To the moms who don’t have “easy” babies, I feel you. I feel you so freaking hard.
I realize now that I entirely took for granted what a content baby my first son was. He literally just ate, slept, cuddled and repeat. It was easy. I remember his newborn stage with such fond memories: going to the movies, spending time with friends and endless baby cuddles.
My second son was not an “easy” baby. Learning to figure him out was a challenge, to say the least. He was fussy. He liked what he liked and he had no problem telling you if he didn’t. As a newborn, he was unsettled a lot of the time and it was exhausting and overwhelming trying to find something that made him content. He liked to be on the move constantly which kept me forever on my toes.

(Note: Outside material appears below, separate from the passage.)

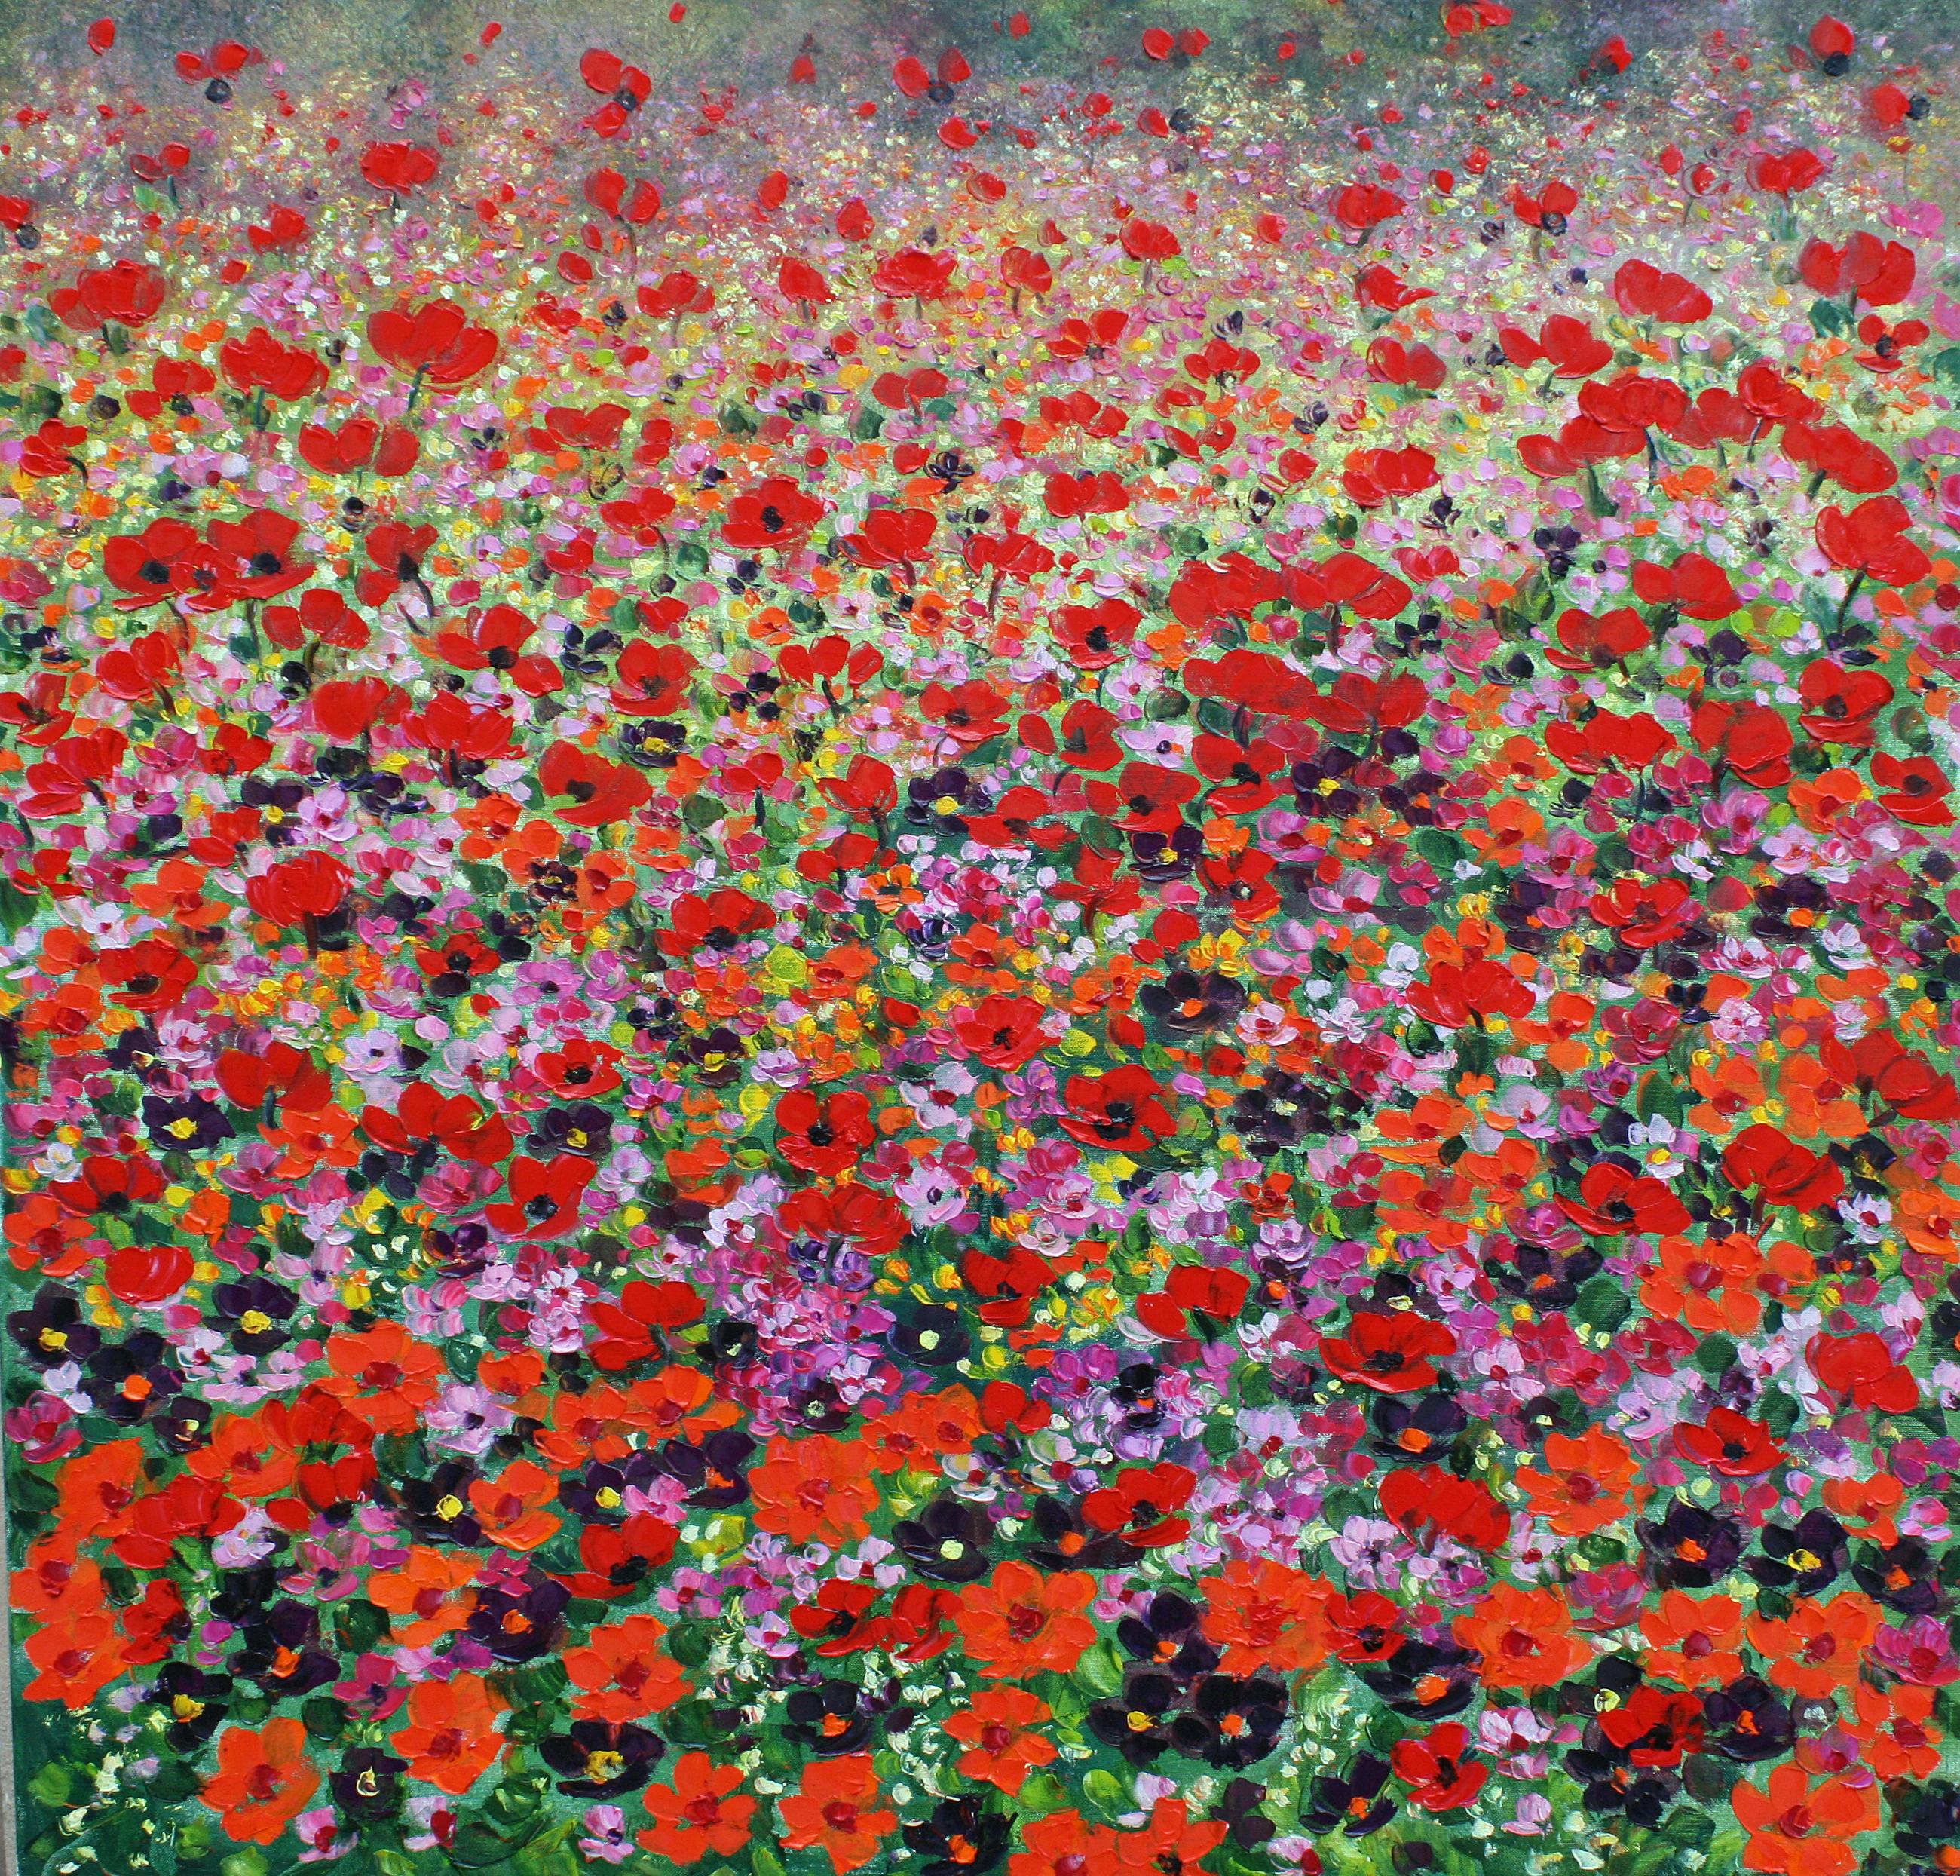 Rif. 4599 - Giardino  in fiore

Am I Doing Something Wrong?
If he was my first baby I am certain beyond all doubt I would have taken the fussing personally. I would have assumed that I was doing something wrong. Afterall, shouldn’t a mom be able to soothe her baby? Not necessarily. Some babies are fussier than others and despite parents’ best efforts they do not settle as calmly as other babies.
Sometimes no matter how hard parents try babies will not get “milk drunk” and take a 2-3 hour nap. Or no matter what you do they will have a fussy time and be unhappy for several hours. (Most babies have a fussy time) Sometimes no matter what you do it won’t seem to do “the trick” and that is okay.

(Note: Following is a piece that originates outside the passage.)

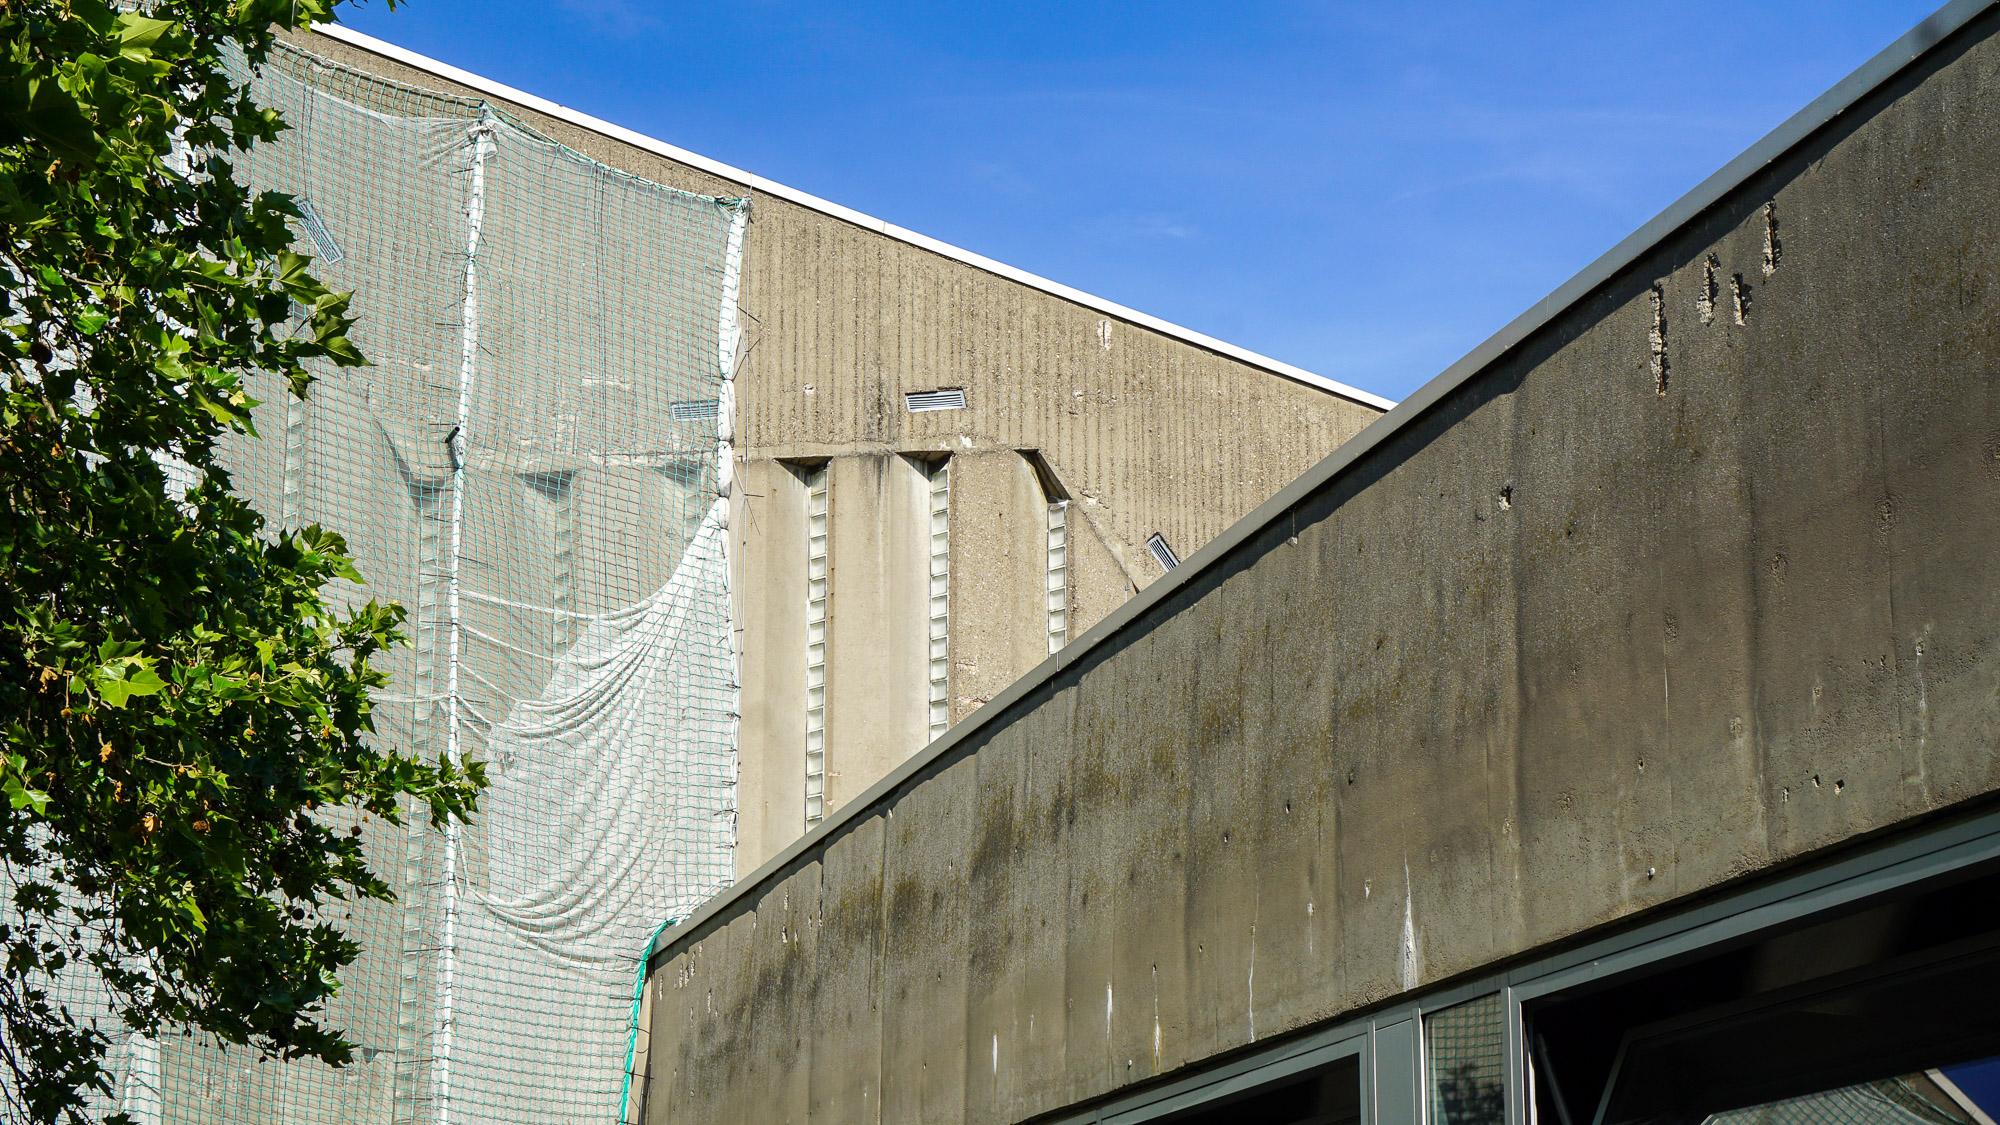 Betonfassade des Hörsaalgebäudes. Sie ist mit Netzen verkleidet, aber man kann noch etwas von der künstlerischen Gestaltung sehen.

I spent hours upon hours Googling about fussy babies and how to get them to settle (I ended up finding this AMAZING FB Group for Fussy Babies). I searched and tried to figure out if it was something he would grow out of or if it was just his personality. The only thing I knew for sure was that every baby is different and while one may be easier than another, it doesn’t make them love you any less.
Learning How to Be Miller’s Mom
I’d be lying if I said I didn’t wish Miller would have been content like his brother because having an “easy” baby was delightful. But adjusting my expectations was key to accepting the differences between my two boys. Miller was very good at teaching me how to be HIS mother (and here I was all “cocky” thinking I knew how to be a mother already lol). I slowly but surely started to figure out what he liked and didn’t like and what calmed him and frustrated him. Our dynamic was vastly different than the early newborn days with Gibson but Miller has definitely taught me A LOT (particularly about patience lol).
So to all the other moms out there who did not have “easy” baby know that it is not your fault. Remember that you are doing a great job. And please believe and understand that you are without a doubt an amazing mother and your baby loves you (even if they don’t always show it.)